## Data
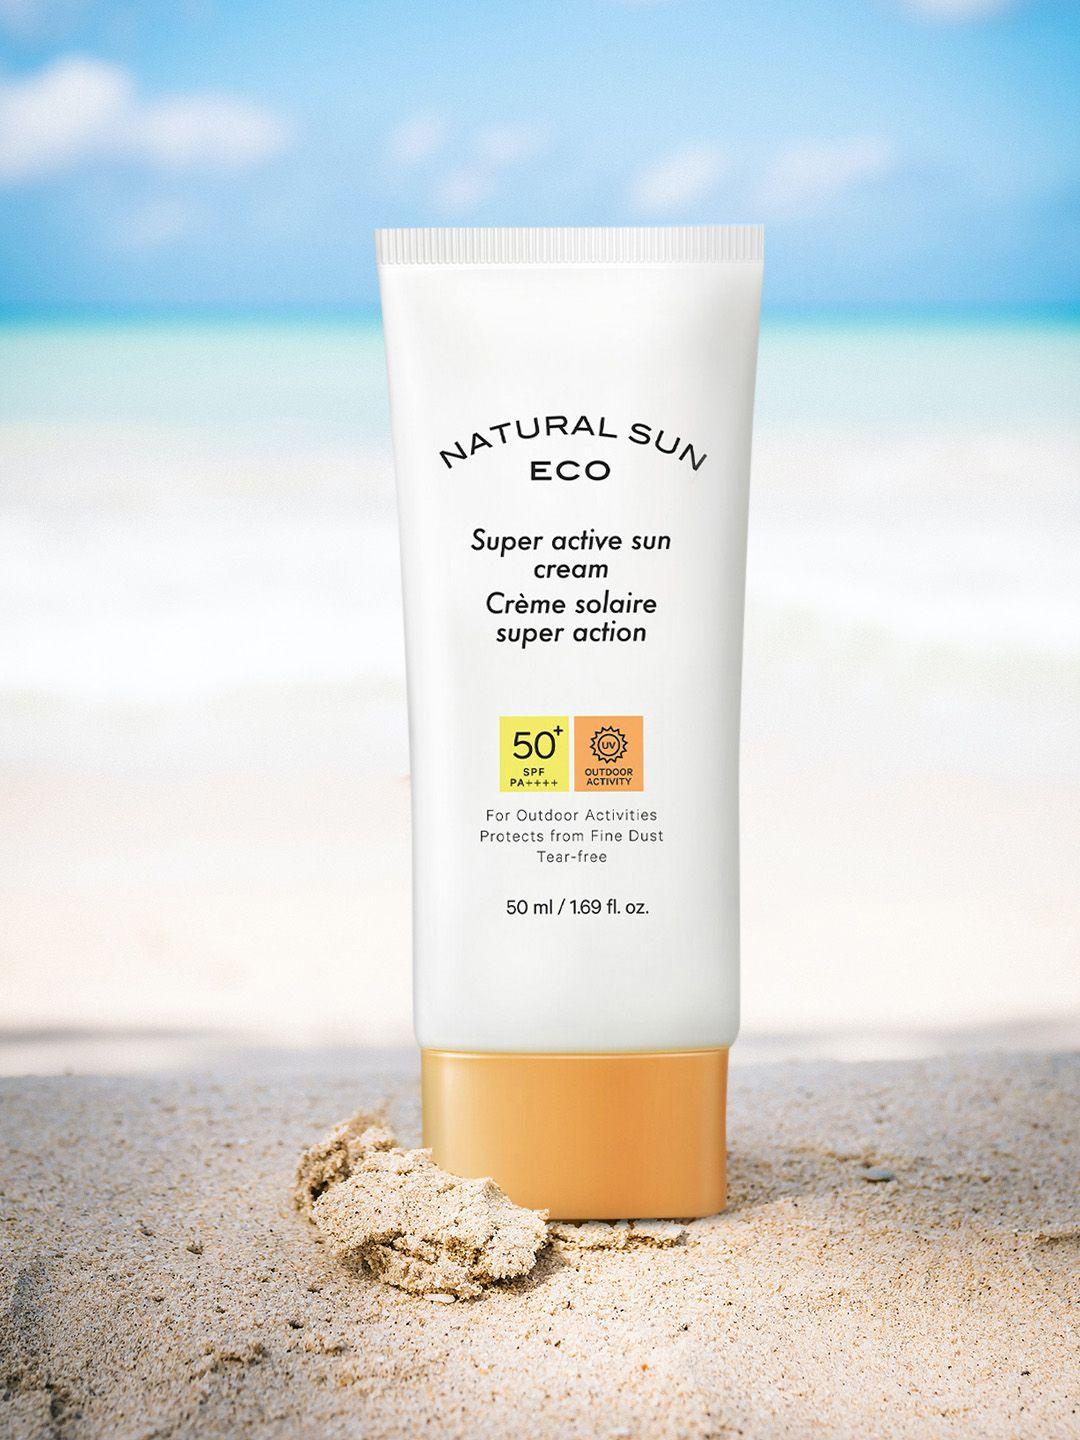 The Face Shop Natural Sun Eco Super Active SPF 50+ PA++++ Sun Cream - 50 ml
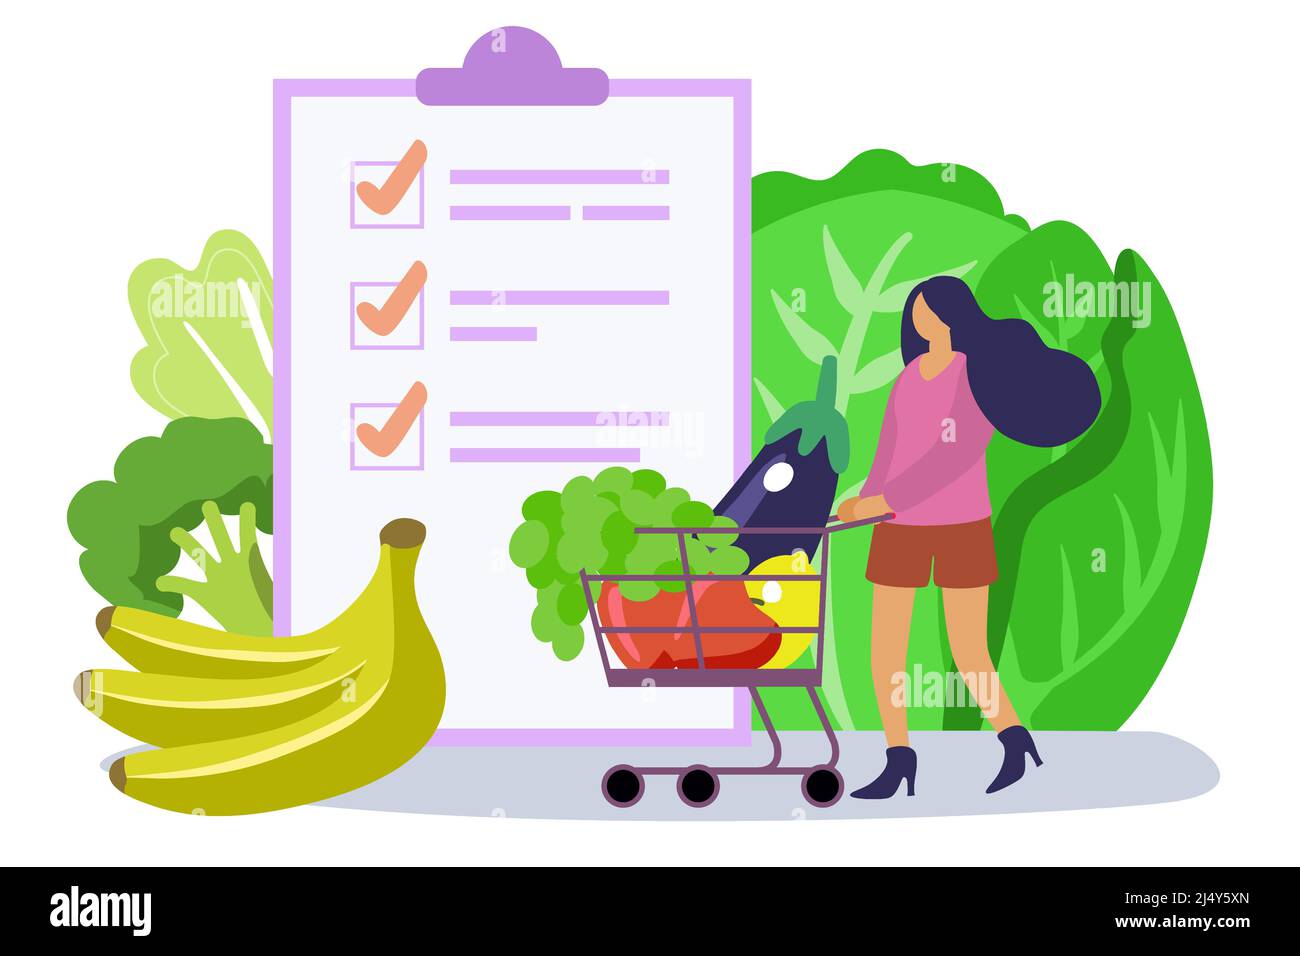 Mujer que elige la lista de alimentos saludables concepto de vector plano ilustración completa carrito de la compra y la persona plana diminuta comer comidas equilibradas con vitaminas verdes, Ilustración del Vector
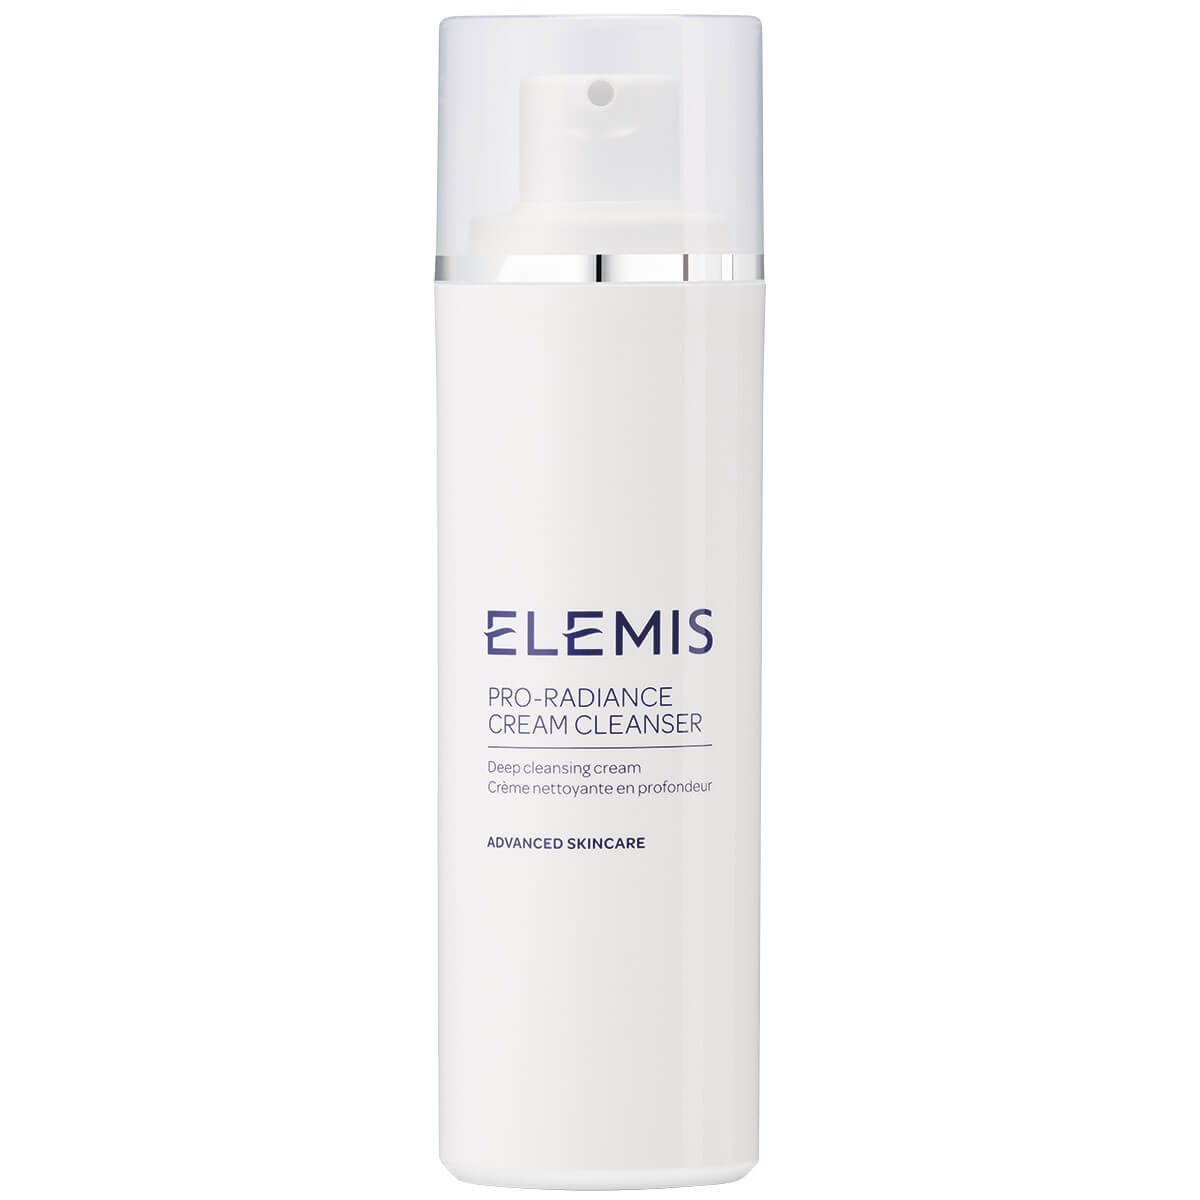 ELEMIS Pro-Radiance Cream Cleanser

## What is expected
Leaving out the pictures, transcribe the material above exactly.

## Response
 The Face Shop Natural Sun Eco Super Active SPF 50+ PA++++ Sun Cream - 50 ml
 Mujer que elige la lista de alimentos saludables concepto de vector plano ilustración completa carrito de la compra y la persona plana diminuta comer comidas equilibradas con vitaminas verdes, Ilustración del Vector
 ELEMIS Pro-Radiance Cream Cleanser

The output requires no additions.